### Data section

▽

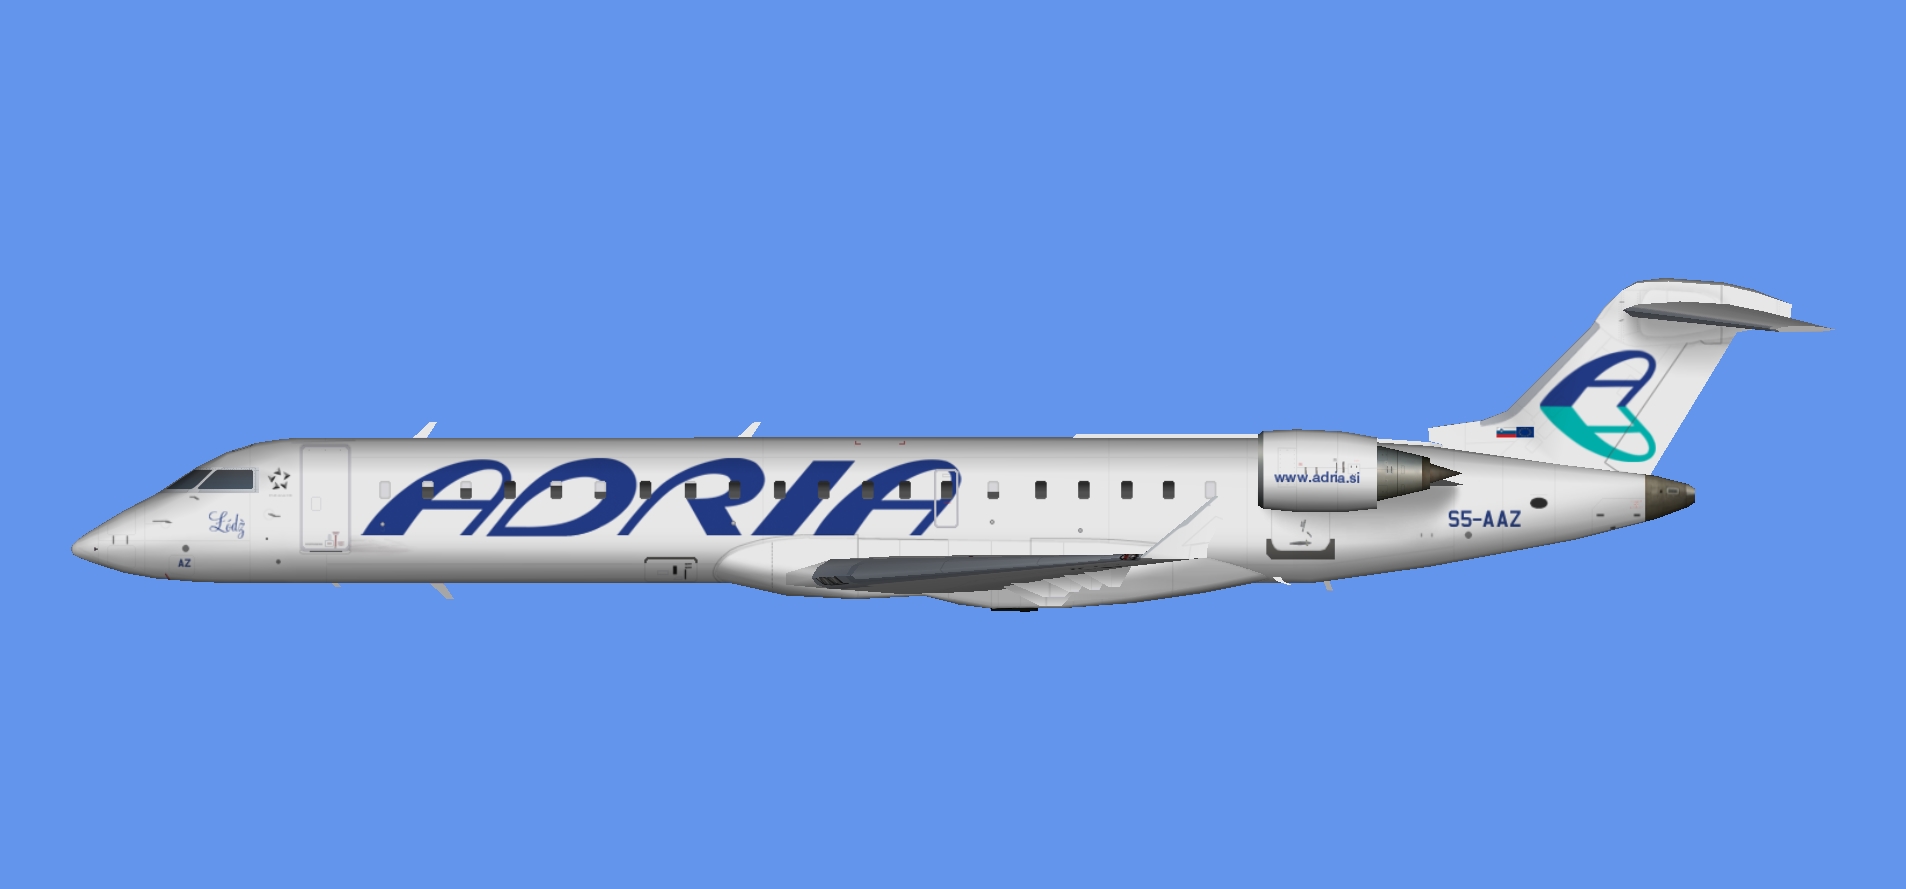 Adria Airways CRJ-700
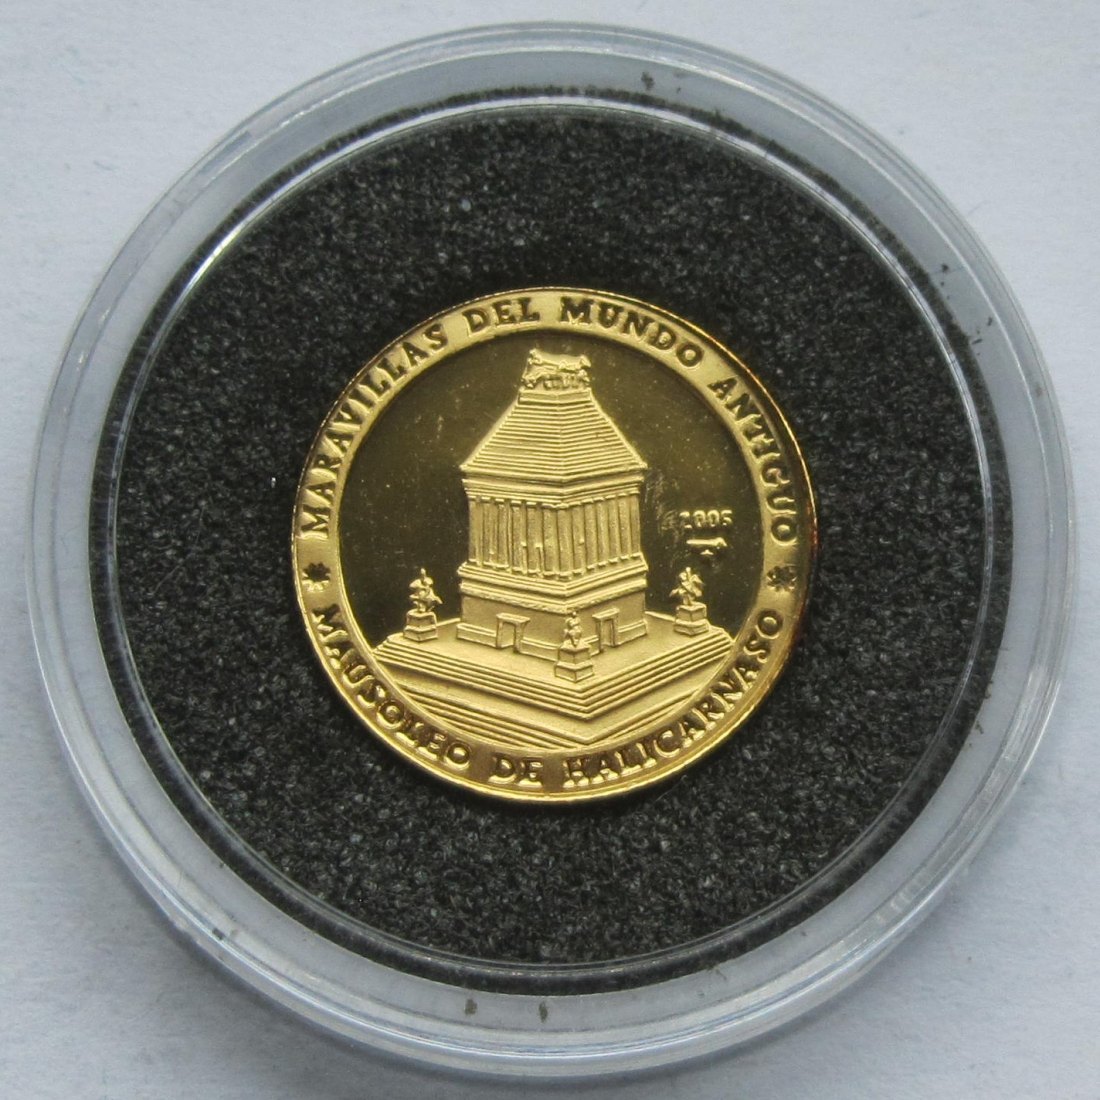  Kuba: 5 Pesos Weltwunder - Mausoleum 2005, 1,24 g (1/25 Unze) Feingold   
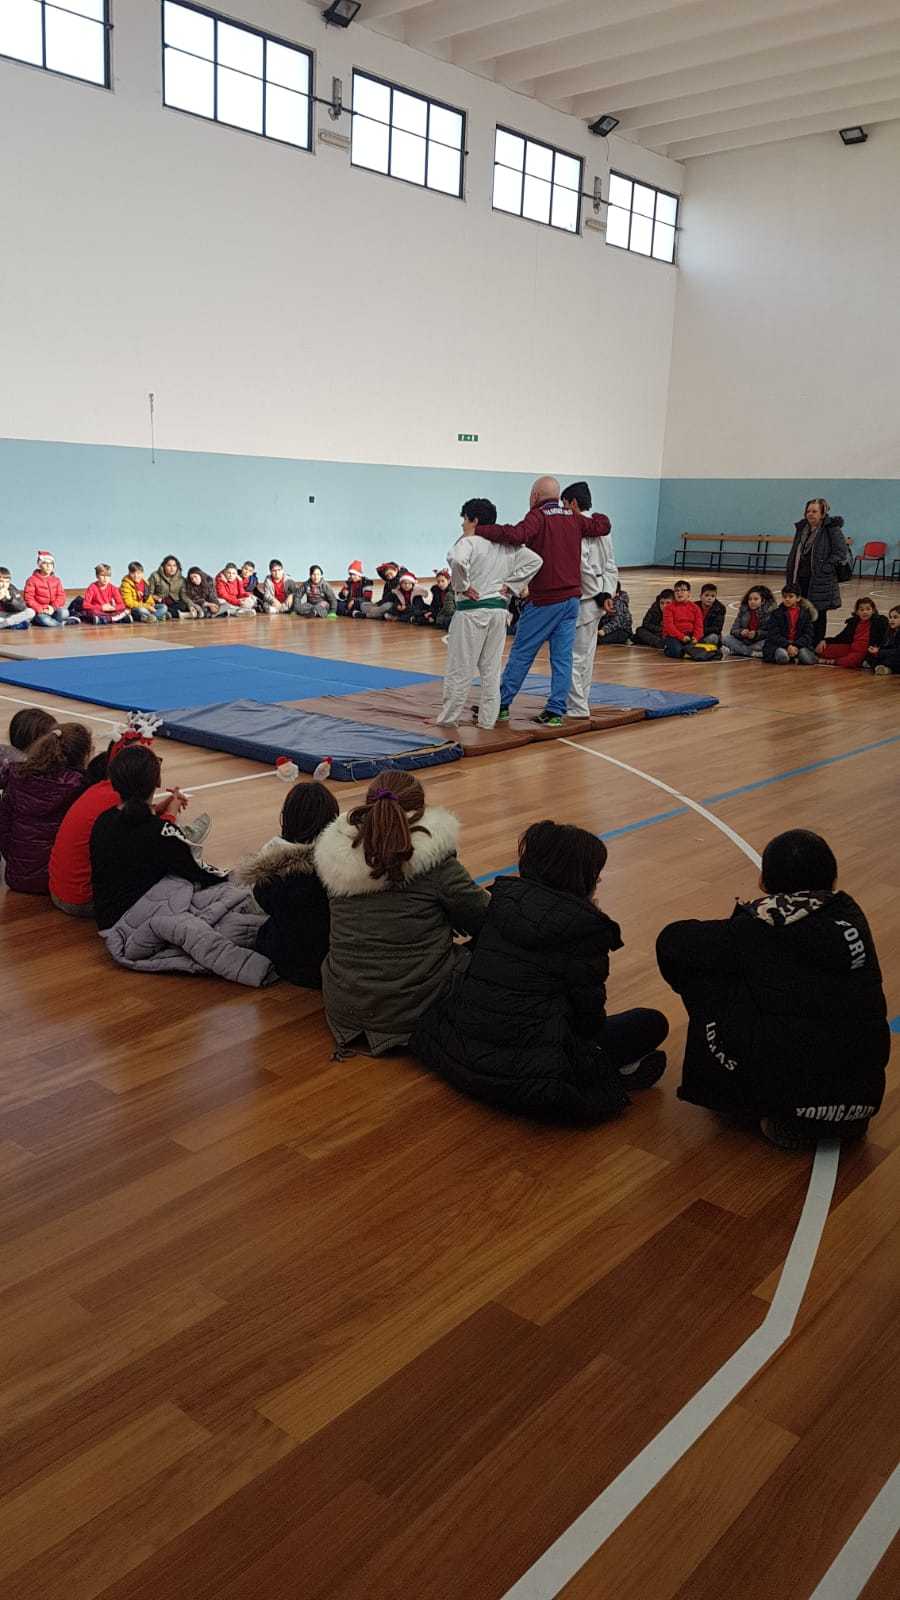 Polizia di Stato. Apre a Catanzaro una Sezione Giovanile delle FF.OO. con la disciplina del Judo

△

Give the data above again exactly. Leave the pictures out.

 Adria Airways CRJ-700
  Kuba: 5 Pesos Weltwunder - Mausoleum 2005, 1,24 g (1/25 Unze) Feingold   
 Polizia di Stato. Apre a Catanzaro una Sezione Giovanile delle FF.OO. con la disciplina del Judo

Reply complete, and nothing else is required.